Sorry, I was confusing "fold" with "orders of magnitude". Fold, proper,
commonly means multiplication by that factor which makes what you said
correct and what I said wrong.
"6" was the magic number I was told (or actually read) to work with...
This may be true, and I don't doubt that it depends on the specific
function call and optimization "tricks" of the compiler in any event...
On a lot of modern architectures (this excludes x86-32 although it
includes x86-64) this is quite trivial (see below).
I will admit that the ever-increasing power and speed of computer
hardware does make a lot of these considerations practically moot...but
The point is not the speed of the hardware. No matter how fast the
hardware becomes a ten fold slowdown is STILL a ten fold slowdown. The
point is that x86-64 is not register starved allowing the compiler to
avoid using stacks to pass parameters and especially for the kind of
trivial functions we were discussing can also allow the compiler to do
*nothing* to pass parameters via overlays.

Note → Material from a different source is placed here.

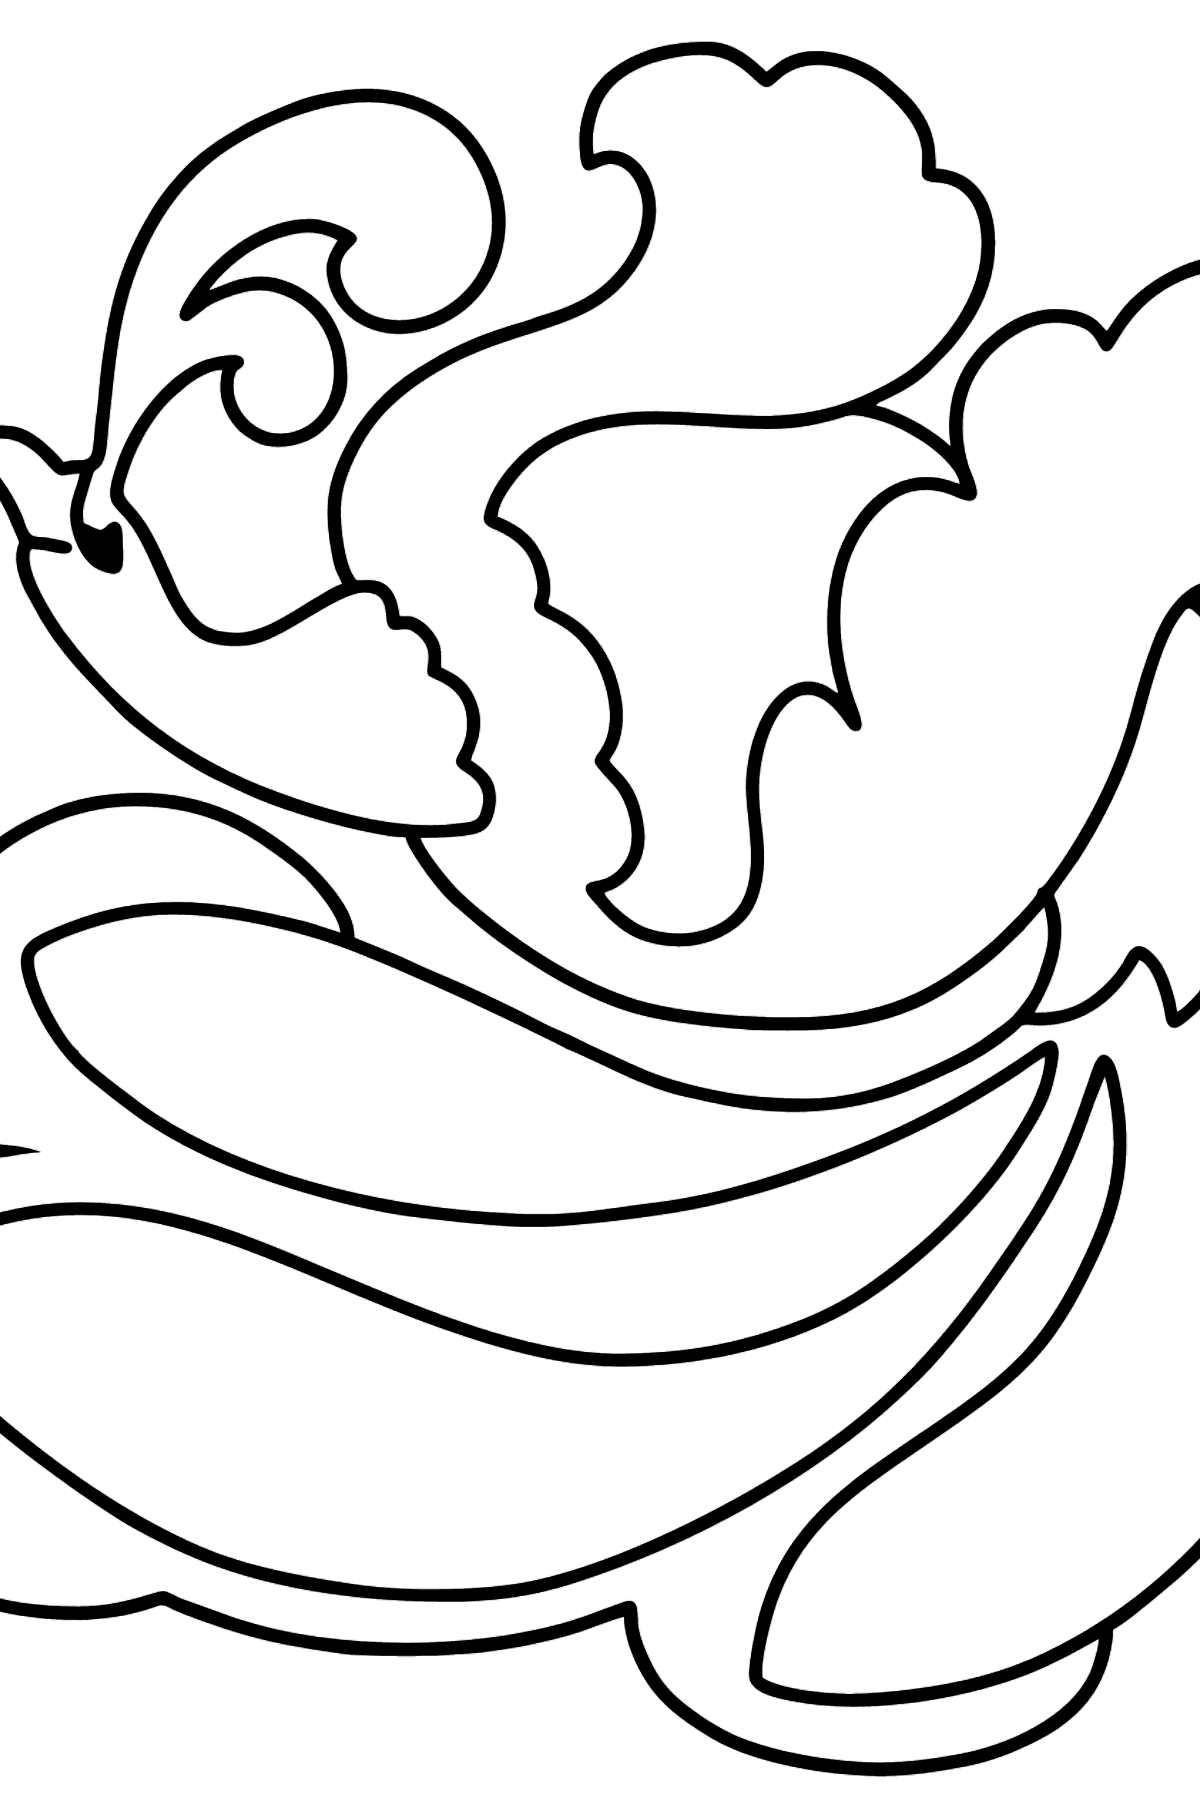 Desenho para colorir do Firebird - Imagens para Colorir para Crianças

Hence for the kinds of functions we're discussing (small utility
functions to reduce indentation, remember that we're not discussing
function calling *in general*) passing parameters can be optimised to
generate zero instructions and calling the function itself generates
one instruction. On most modern machines that instruction takes the
same amount of time to execute as a conditional branch.

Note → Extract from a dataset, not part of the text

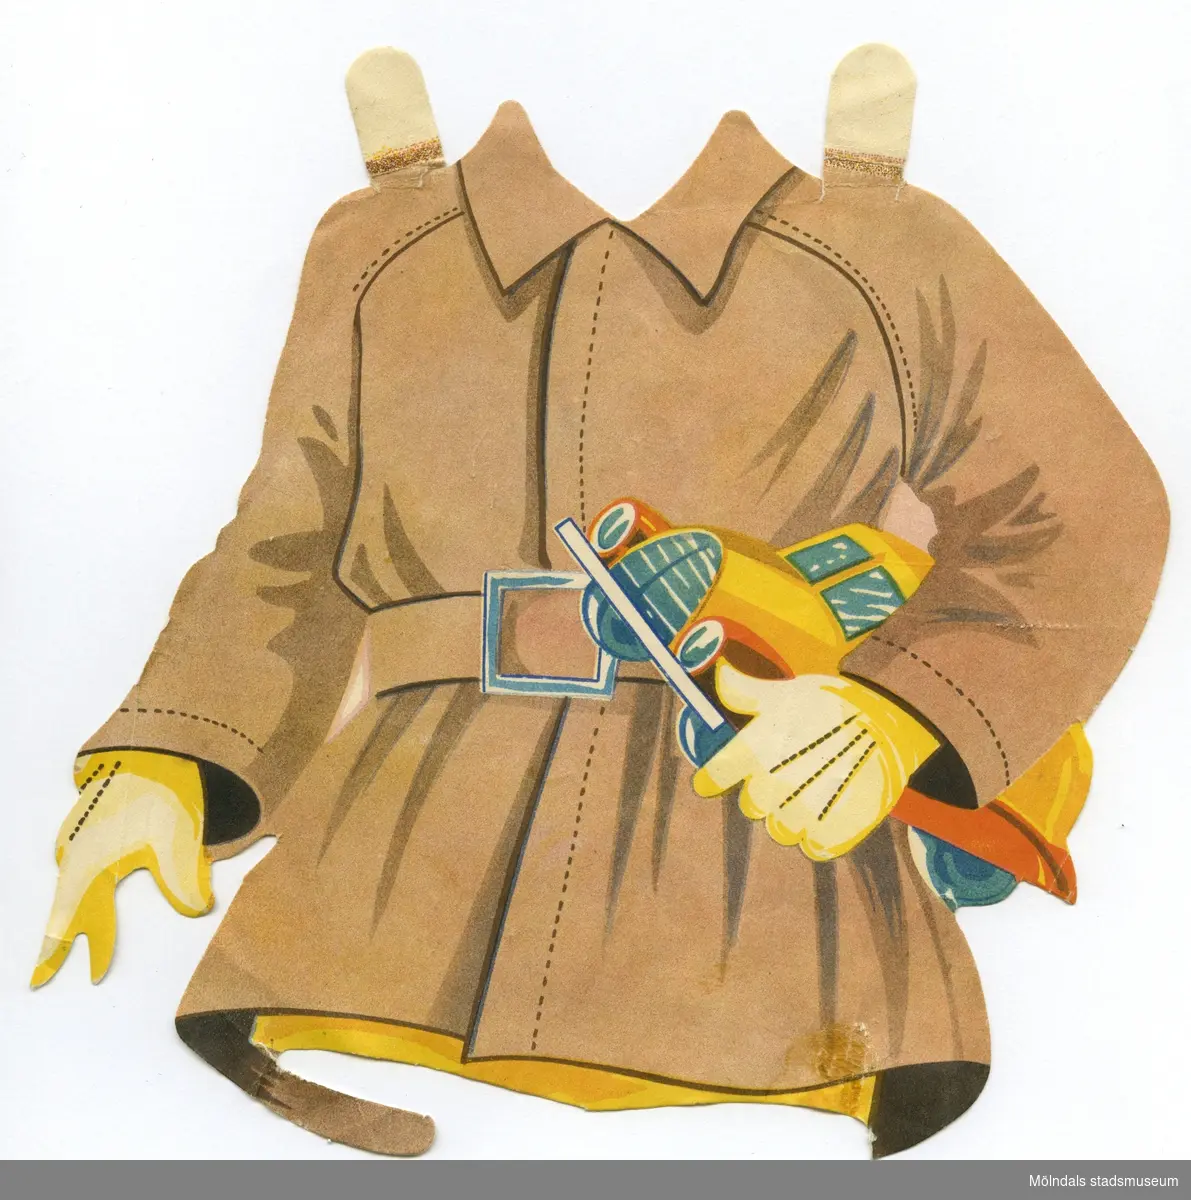 Plagg till större pappersdocka, från 1950-talet. Kläderna är märkta "Pelle" på baksidan - dockans namn. Själva dockan saknas dock. Garderoben består av pojkkläder; kortbyxor med skjorta för lek och skola, samt en brun rock.

that still doesn't excuse how I saw people coding back when it made
a TREMENDOUS practical difference, and these WERE what had
to be considered the elite systems software engineers in the entire
world...
And now we have the conclusion. Your trick programming and inlining
WERE useful in the age of dino-mainframes where workstation CPUs were
nothing more than glorified microcontrollers. Today even lowly 50 cent
microcontrollers don't break a sweat executing deeply nested function
calls (unless you're doing something silly like directly generating
video signals on output pins without the help of graphics hardware).